A proposta altera a Lei Geral de Telecomunicações (LGT) para permitir que autorizações de serviços, adaptações de concessões e renovações do uso de radiofrequências sejam vinculadas a compromissos de investimento assumidos pelas operadoras.
O texto prevê que as empresas possam ser obrigadas a instalar e manter internet banda larga em escolas públicas de educação básica nas áreas contempladas pelas outorgas, além de ampliar a infraestrutura de conectividade em regiões com menor acesso aos serviços digitais.
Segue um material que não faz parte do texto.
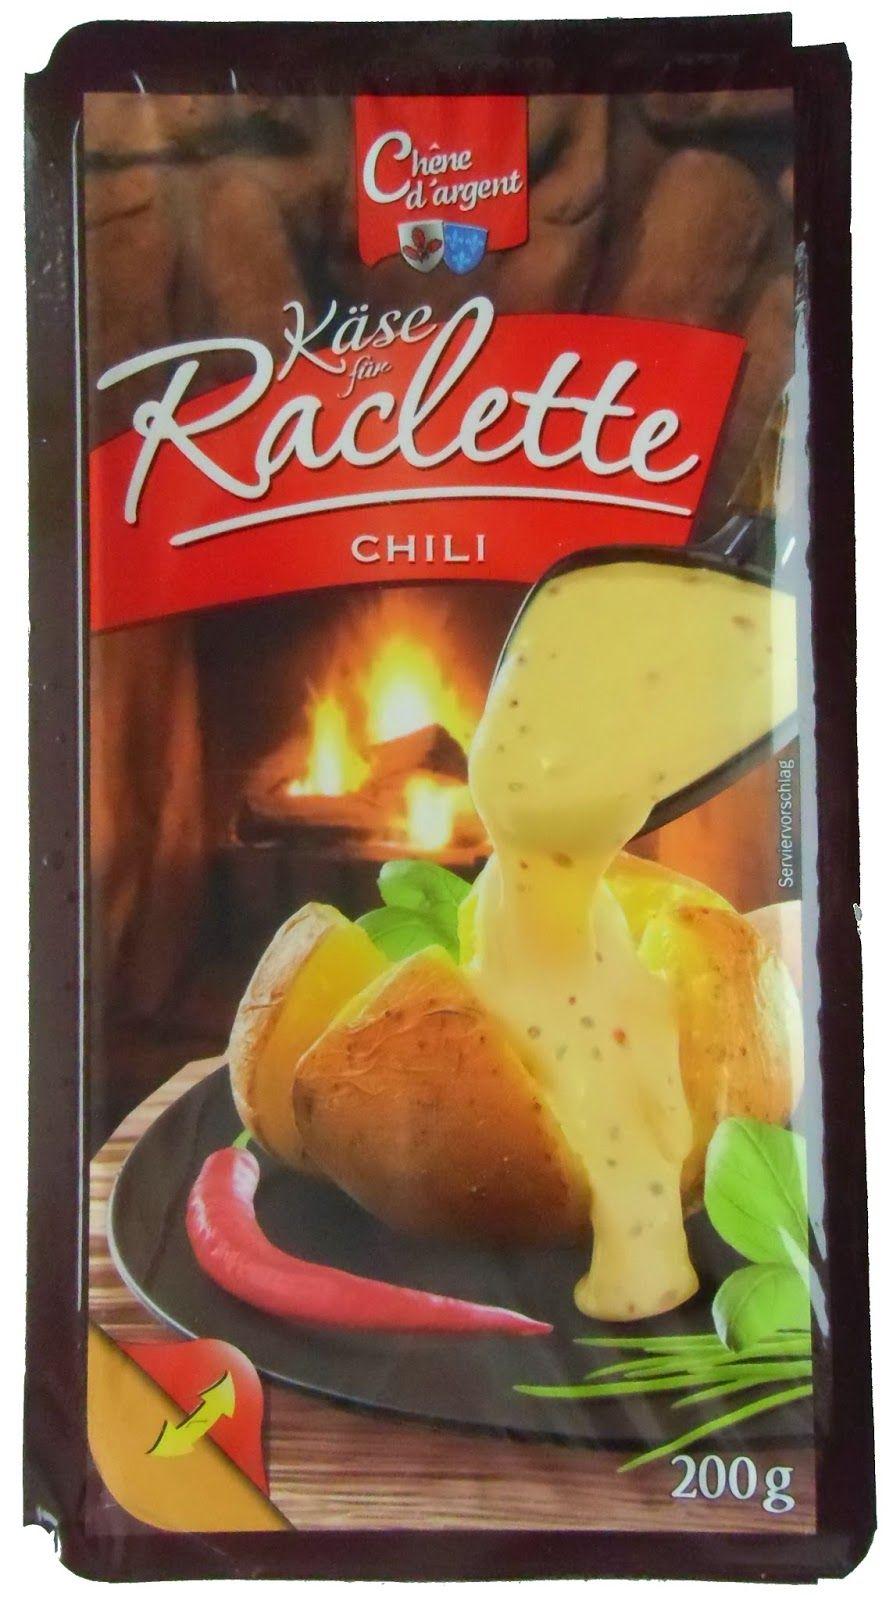 Chilihead Icewolf77 Lidl Chene D Argent Kase Fur Raclette Chili Chili Lidl Rezepte

Durante a tramitação, o projeto recebeu emendas da relatora, que ampliaram o alcance da proposta. Pela versão aprovada, os investimentos também poderão atender unidades de saúde, serviços de assistência social e iniciativas voltadas à redução das desigualdades regionais e sociais.
A legislação já permite que a Agência Nacional de Telecomunicações (Anatel) estabeleça contrapartidas em processos de autorização do setor. Com a mudança, esses compromissos passam a ser incorporados de forma mais ampla à política de expansão da conectividade no país.
Outro ponto previsto é a possibilidade de que parte dos investimentos realizados pelas operadoras substitua valores cobrados pelo poder público em processos de autorização e renovação de radiofrequências.
A proposta foi aprovada em caráter terminativo e seguirá para análise da Câmara dos Deputados, caso não haja recurso para votação no plenário do Senado.